FaceBreaker should be the ultimate boxing tournament, one where you have to give your opponent a facelift. It seems to be a funny concept to play a boxing match in cartoon-style, with occasionally a little joke. But is that sufficient?
There are four gametypes: Fight!!, Brawl for it all, Couch royale (multiplayer) and online. Fight!! is the best way to get to know FaceBreaker. There are five difficulties: training, easy, medium, hard and ridiculous. If you play on training, you can choose how your opponent should play. You can train on your defence by ordering your opponent to attack quite some time. The difficulty ridiculous hasn’t stolen its name: your opponent won’t stop hitting you and you can barely avoid the punches.
The most important gametype of FaceBreaker is “Brawl for it all”. You can choose between three difficulties: fierce, truculent and impossible. It’s the purpose to win four belts in a sort of tournament where every belt has its own location. Here, you’ll discover the first big downpoint: the difficulty. Even on the easiest one, you’ll rarely win a game in your first attempt.
Every character has a special attack by which the opponent will be stunned for some seconds. Believe me, this is very annoying when you get multiple stuns in one round. Steve, a comic hero, can jump on you through teleportation. Due to this you get pushed backwards and Steve can cause you a lot of damage. The special attacks look nice and some of them are original, for example the bad-breathattack, but they make the game more unpleasant.
Online FaceBreaker is a lot better: contrary to the single player part, online the game doesn’t feel like the round gets ended by a beating you couldn’t defend yourself from, but due to the controls there isn’t a lot of variation either.
The controls are very uncomplicated: only four keys are regularly used in FaceBreaker. You can do high and low punches, block or avoid them and you can perform a strong attack. During a match, it will occur often that you’ll be pushing the same keys. The breakers, or strong attacks, are only available after you’ve done some easy ones. For every two easy attacks you get a line in the breakermeter. With the last breaker, the FaceBreaker, you end the match immediately. Some are spectacular, but there’s little variation.
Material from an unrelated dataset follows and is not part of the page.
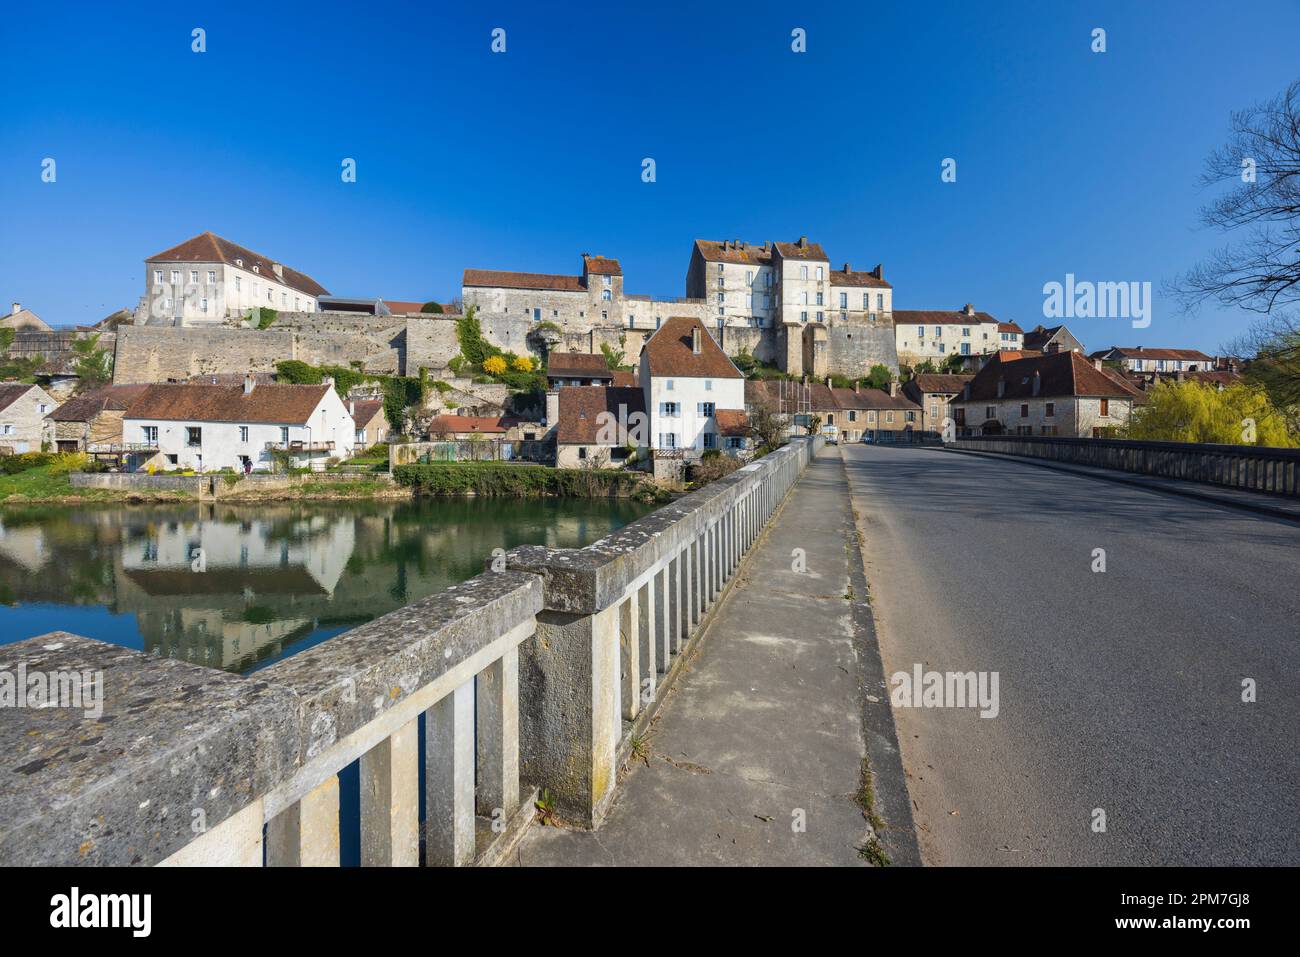 Petite ville typique de Pesmes avec la rivière L Orgon, haute-Saone, France. Banque D'Images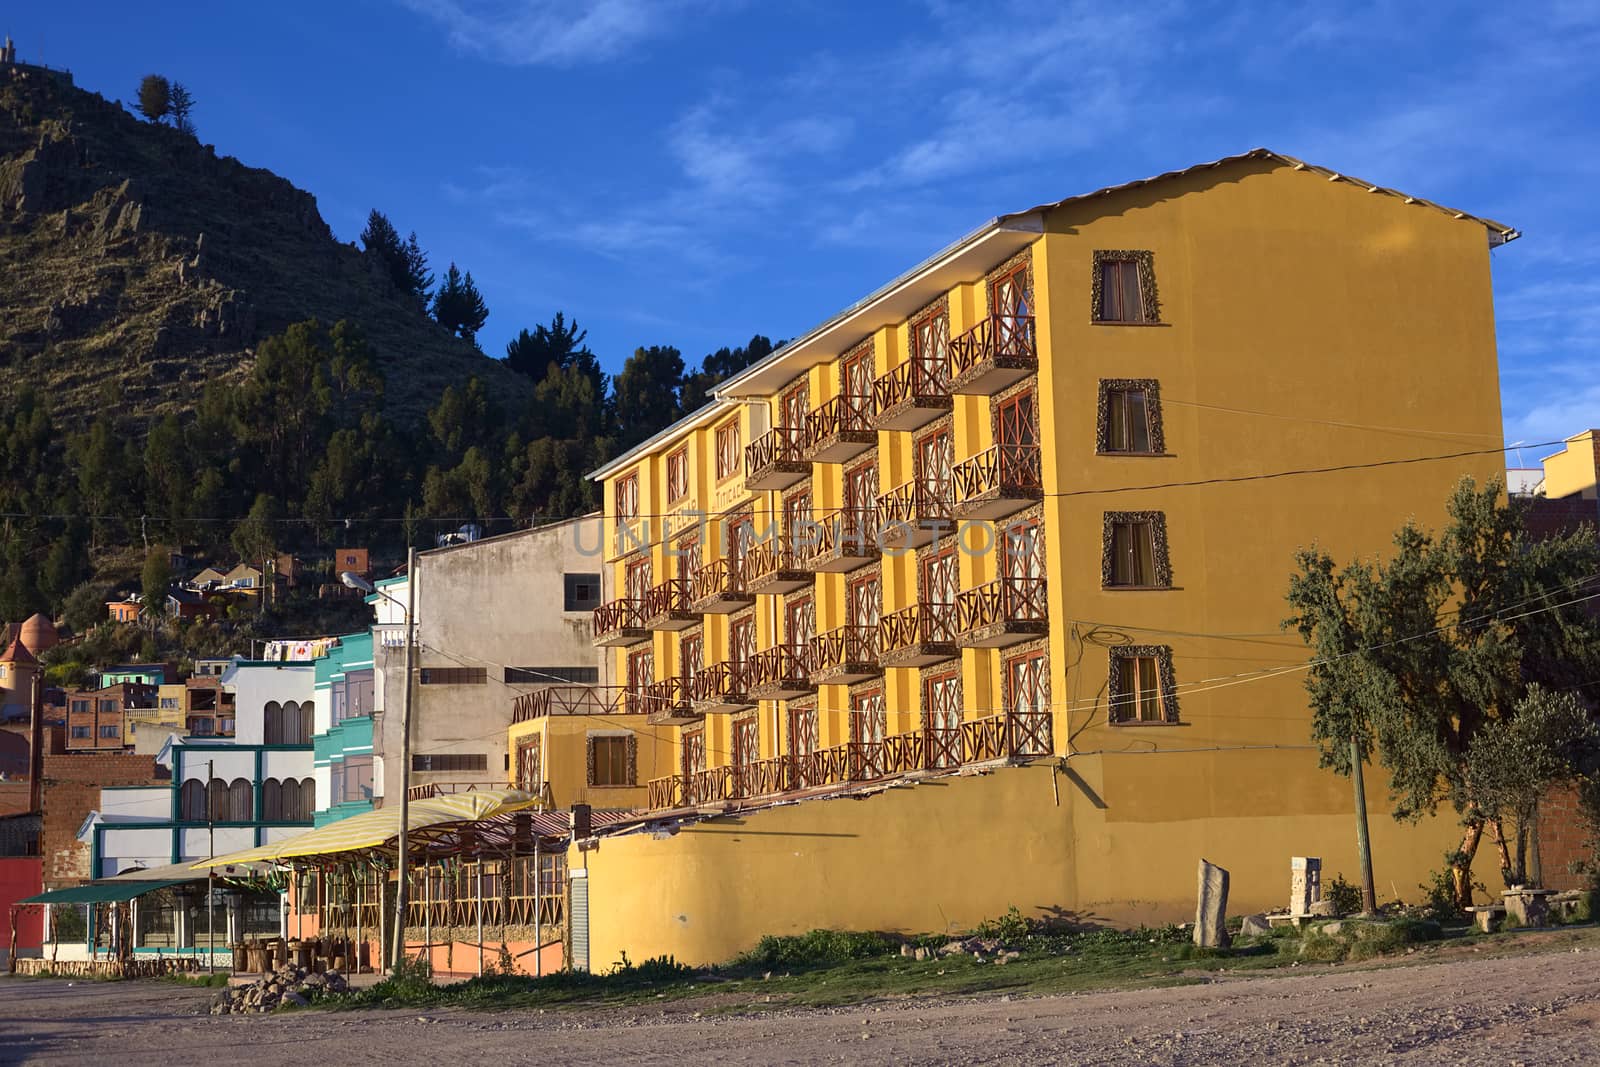 Hotel Estelar del Titicaca in Copacabana, Bolivia by ildi

The graphics of FaceBreaker aren’t the best graphics, but they aren’t bad. The characters have their own style and after a round with a lot of punches, their face looks less healthy. All the locations of the matches have a theme, but in the end it’s the ring that counts. The animations of the locations, for instance running crabs, keep repeating themselves. Before and after a match your opponent speaks to you for about 15 seconds and he/she tries to put some humour in the game. However, the voice and the facial expression rarely go well together. After you’ve seen some of these scenes, you’ll know already what your opponent will say, and you’ll probably skip it.
A better part of FaceBraker is the opportunity to create your own boxer. There are a lot of appearances you can adjust and you can even use a picture of yourself. Unfortunately, your own character can’t fight against the poor gameplay and the matches won’t become more fun.
FaceBreaker is a game that won’t amuse you a long time, especially due to the lack of variation. If you’ve lost the match by a finishing blow against which you can’t do anything, the humour will often feel frustrating. The online part of FaceBreaker and the making of your own character can’t compensate for the irritating singleplayer-part.